Privacy Policy

Effective Date: February 2, 2026

            Summary: During calibration, your health data is transmitted to our servers and processed entirely in ephemeral memory. No health data is written to disk or persistent storage. Once your personalized model is trained and delivered to your device, all health data is immediately purged from server memory. Your model then runs entirely on your device—we never see your ongoing health data.
        

1. Introduction

Pharo ("we," "our," or "the App") is committed to protecting your privacy. This Privacy Policy explains what data we collect, how we process it, with whom we share it, and your rights regarding your data.
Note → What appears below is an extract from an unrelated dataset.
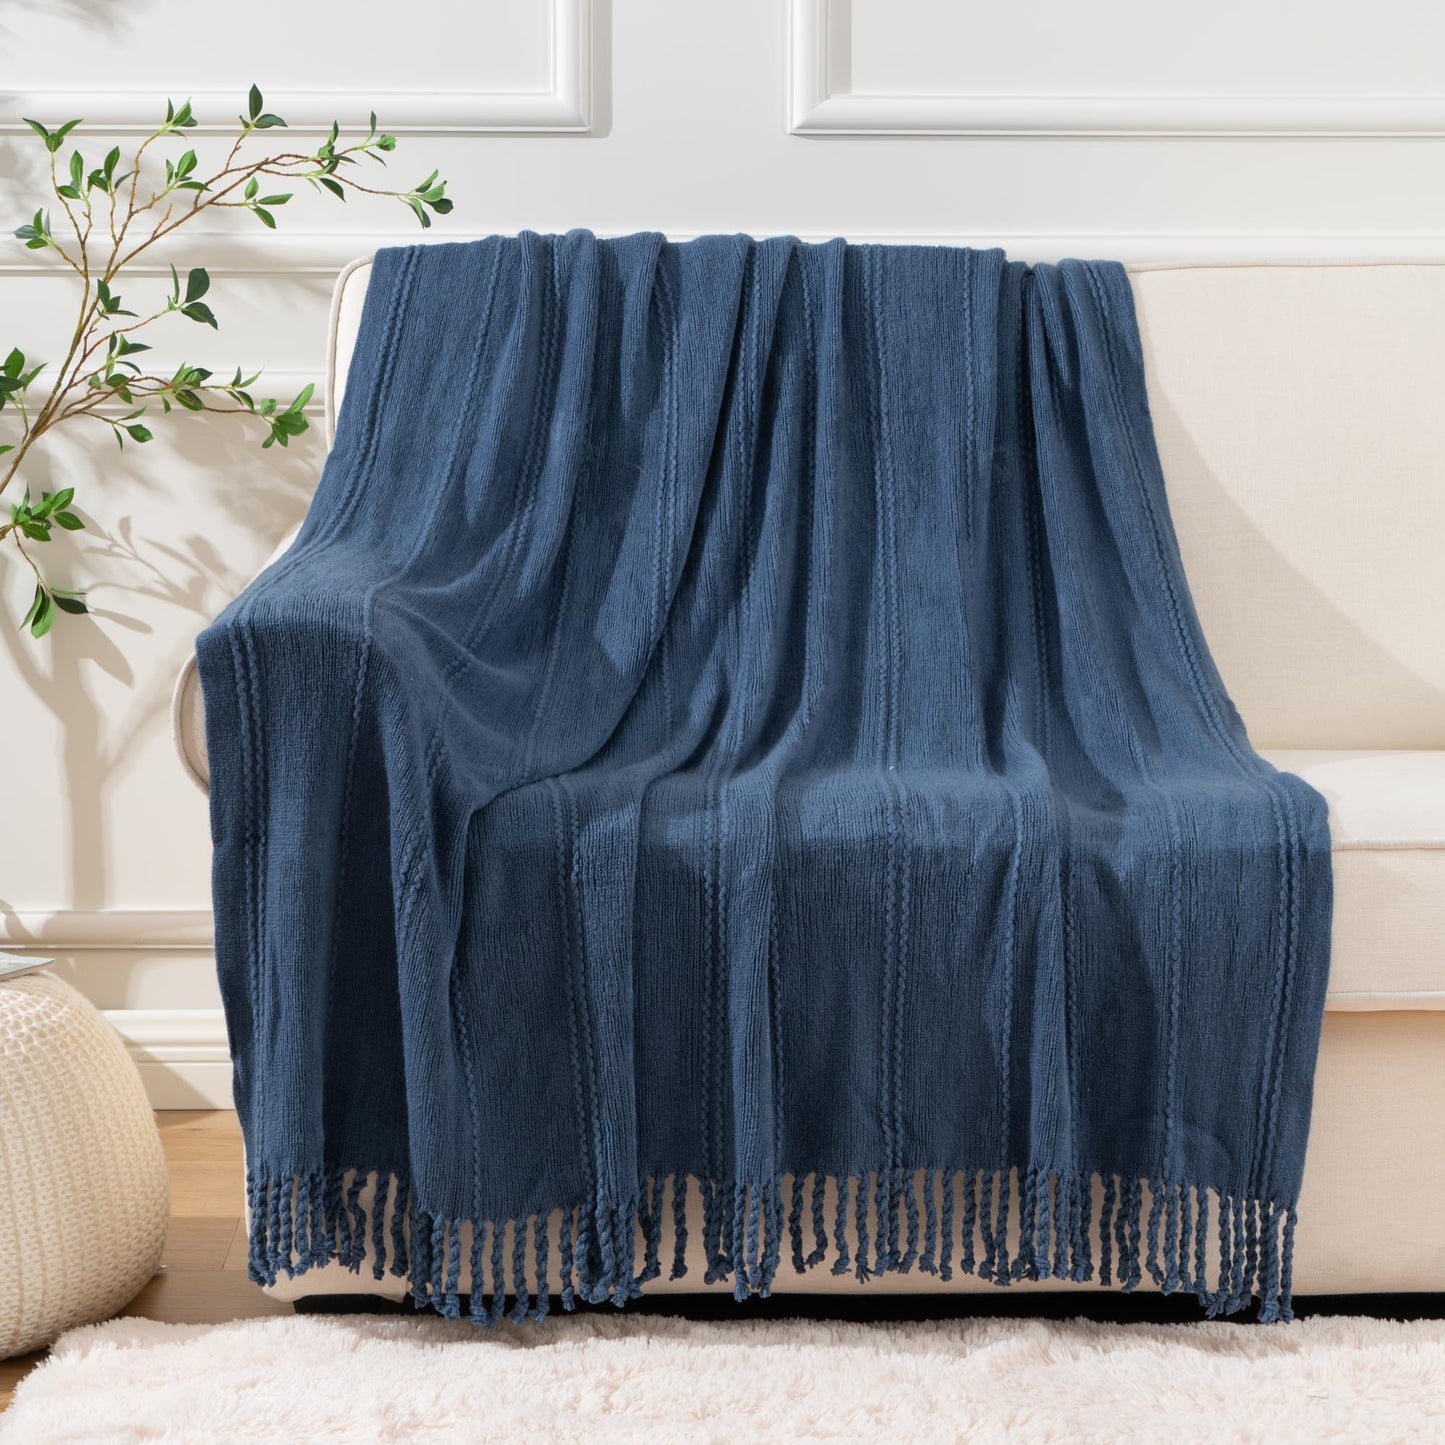 Cable Knit Woven Luxury Throw Blanket with Tassel Ends 50"x 60" (Green) BTL15019 green/blue

By using Pharo, you consent to the practices described in this policy.

2. Data We Collect

2.1 Health Data (from Apple HealthKit)

With your explicit permission, we access the following from Apple HealthKit:

Heart rate (resting and active)
Heart rate variability (HRV)
Respiratory rate
Sleep analysis (duration, stages)
Step count and activity minutes

This data is stored locally on your device. During calibration, this data is transmitted to our servers for processing as described in Section 3.2.

2.2 Labels You Create

Any labels you create (e.g., "bad day," "good day," or any other text) and the dates you assign them to. These are transmitted during calibration to train your personalized model.

2.3 Account Information

Email address (for account identification and communication)
Apple ID identifier (an anonymous token used for Sign in with Apple)
Subscription status
Device type and iOS version (for compatibility)

2.4 What We Do NOT Collect

Your name (unless you provide it voluntarily)
Location data
Contacts or photos
Data from other apps

3. How We Use Your Data

3.1 Email Address

Your email address is used for:

Account identification and authentication
Service-related communications (calibration status, subscription updates)
Responding to support requests
Important privacy or security notifications

We do not use your email for marketing purposes without your explicit consent. Your email is stored securely in our account database and is never shared with third parties except as required to provide the service.
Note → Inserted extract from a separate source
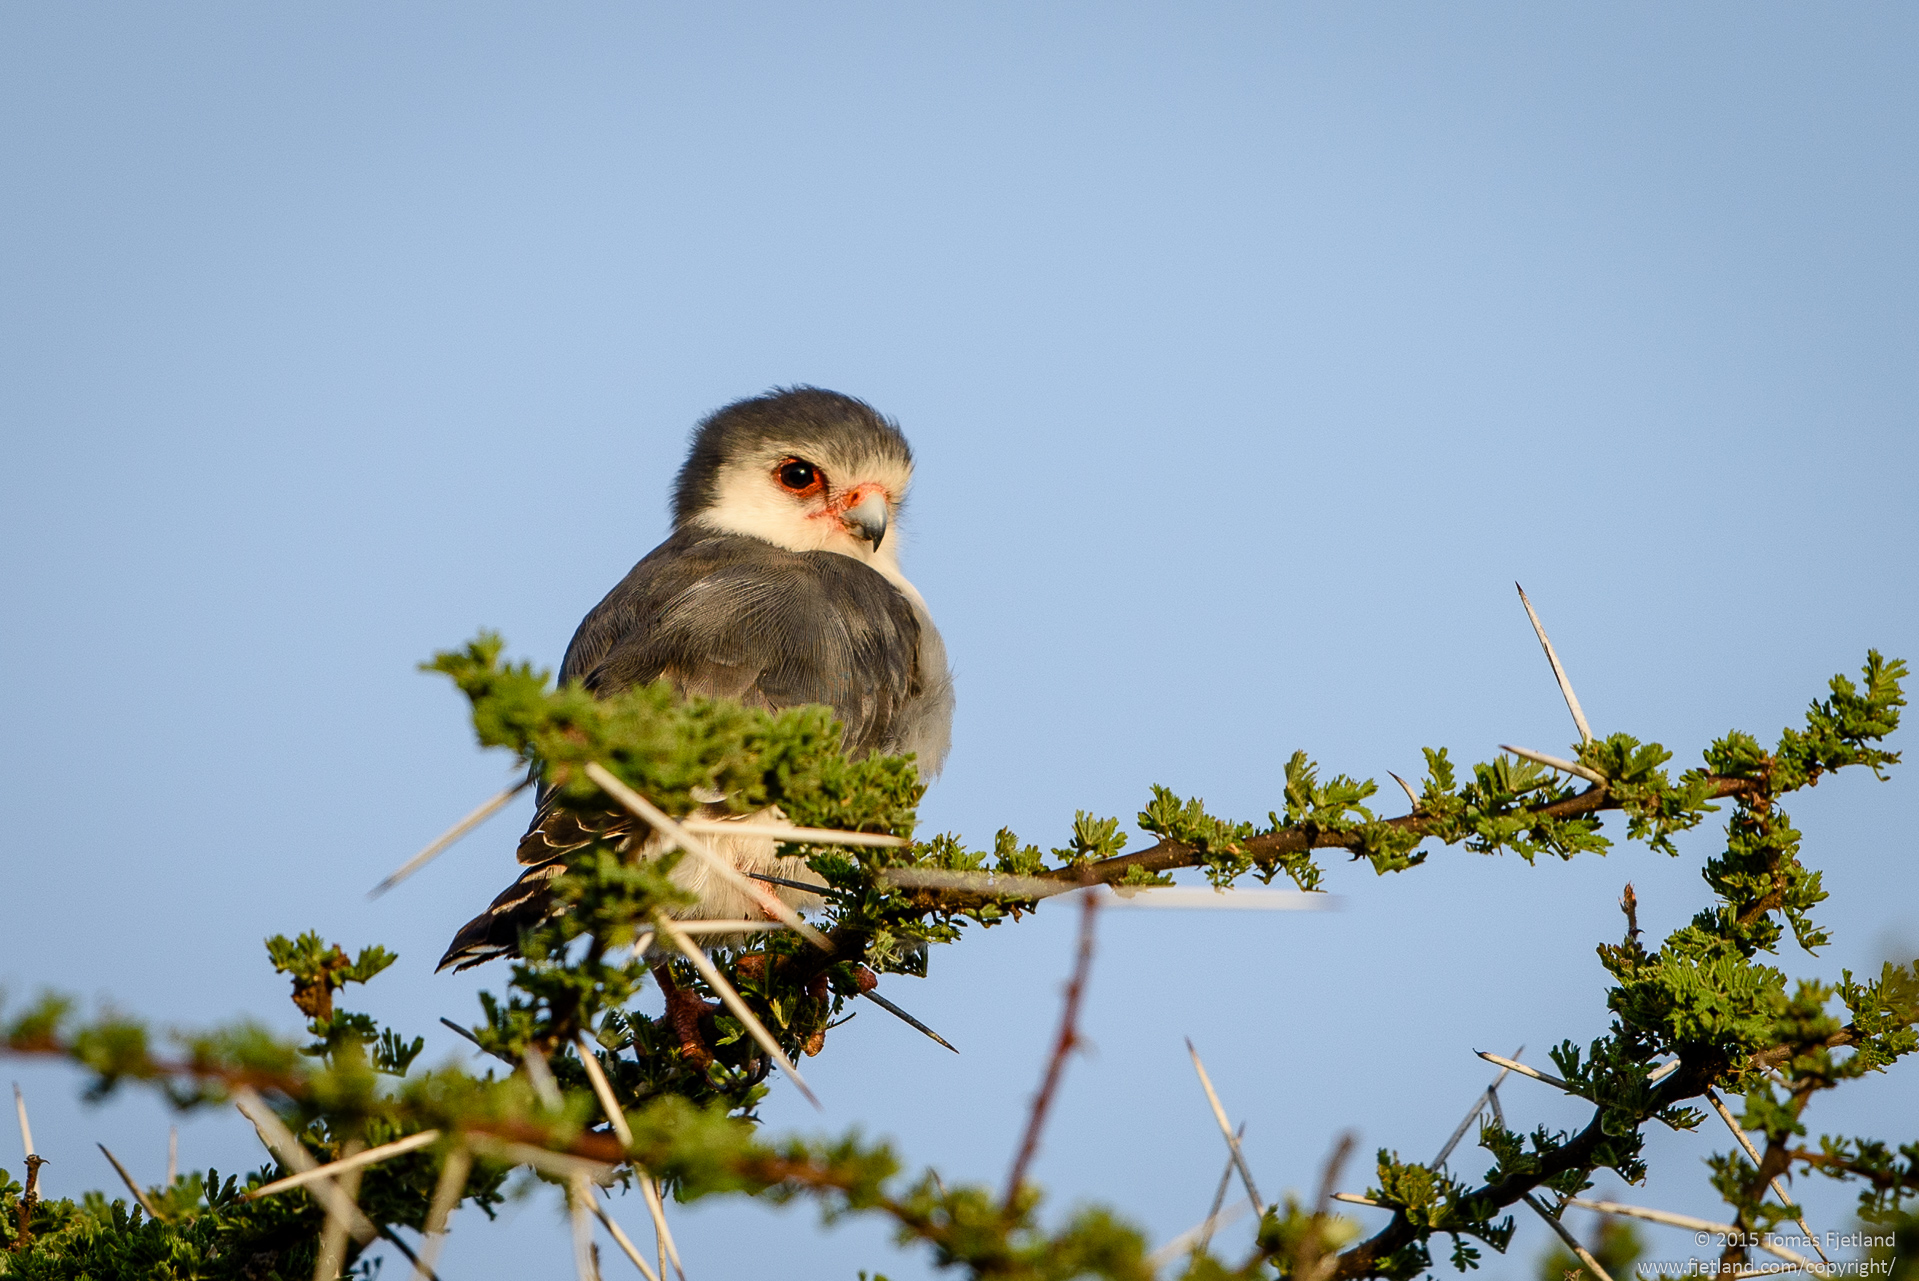 These small falcons prey on insects, small reptiles and mammals, and don't seem to upset nearby birds as much as other raptors. They will nest in the nests of white-headed buffalo weavers

3.2 On-Device Processing (Default)

After calibration, all operations happen entirely on your iPhone:

Calculating your personal baseline statistics
Displaying trends and patterns
Running your trained model for daily insights

For these ongoing operations, no data leaves your device.
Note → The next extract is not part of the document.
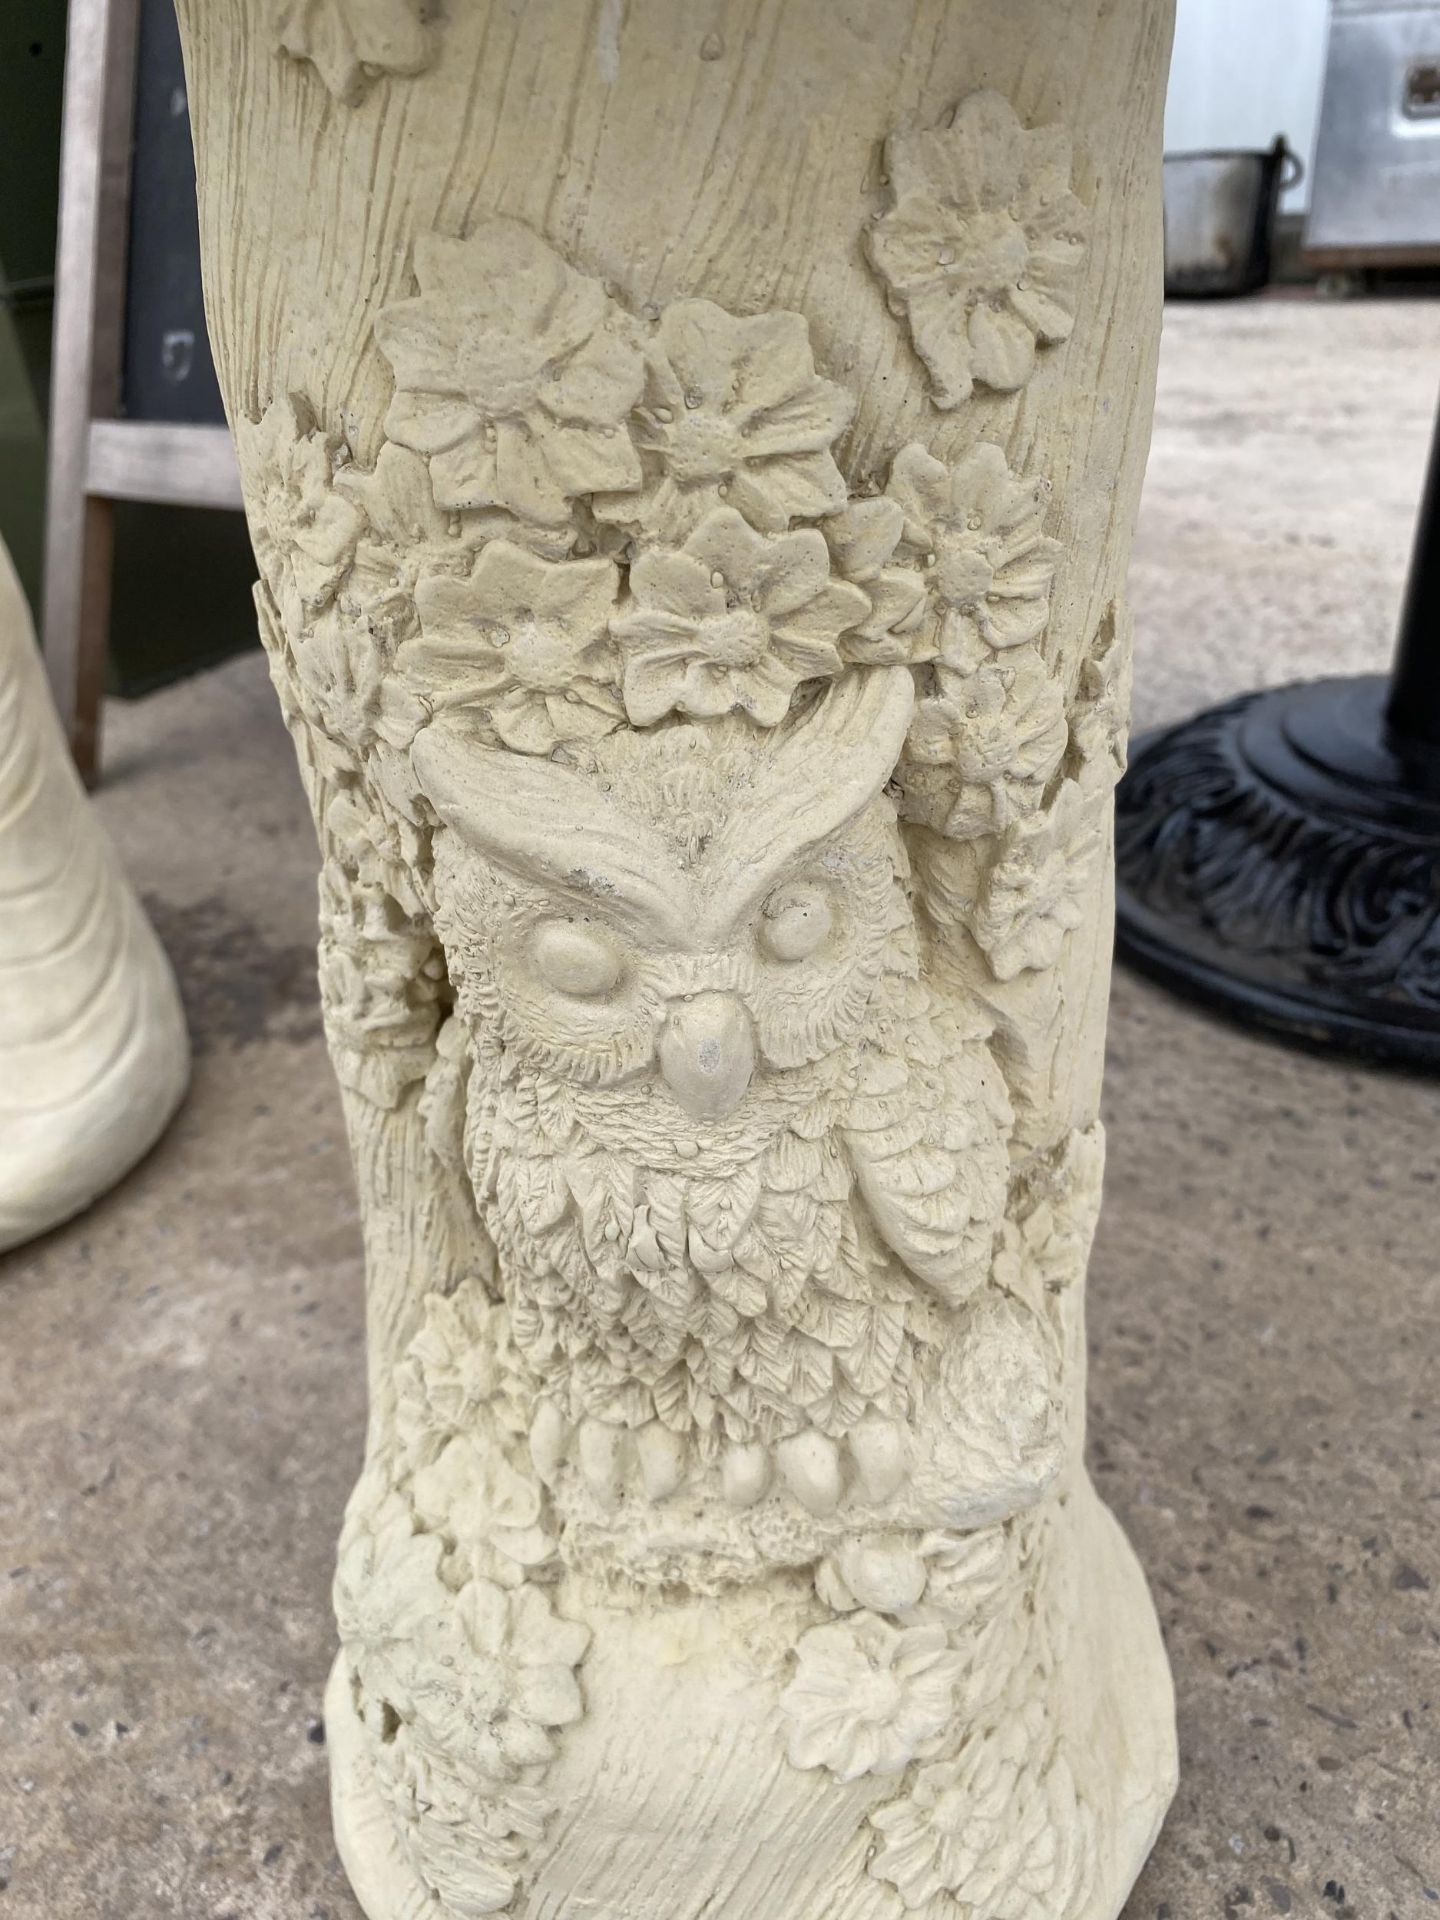 AN AS NEW EX DISPLAY CONCRETE 'OWL BIRDBATH' *PLEASE NOTE VAT TO BE PAID ON THIS ITEM* - Image 2 of 5

3.3 Calibration (Requires Data Transfer)

When you request model calibration (a Pro feature), your health data is transmitted to our servers for processing. Here is exactly what happens:

Your Device → Our Servers (ephemeral memory) → Your Device

1. Health data and labels transmitted via encrypted connection (TLS 1.3)
2. Data loaded into server memory for model training
3. Personalized model trained using your data
4. Trained model file transmitted back to your device
5. All health data immediately purged from server memory

No health data is written to disk or persistent storage at any point.

3.4 Data Sent During Calibration

Data Type	What's Sent	Purpose
Heart Rate	Daily values, timestamps	Feature extraction for model training
HRV	Daily values, timestamps	Baseline deviation calculation
Respiratory Rate	Daily values, timestamps	Pattern correlation analysis
Sleep	Duration, efficiency per night	Recovery pattern analysis
Activity	Daily step counts, active minutes	Activity pattern analysis
Labels	Dates and label text	Training target definition

4. Third-Party Data Sharing

Important: During calibration, we share limited statistical information with a third-party AI service (Anthropic) to orchestrate the model training process. This section explains exactly what is shared.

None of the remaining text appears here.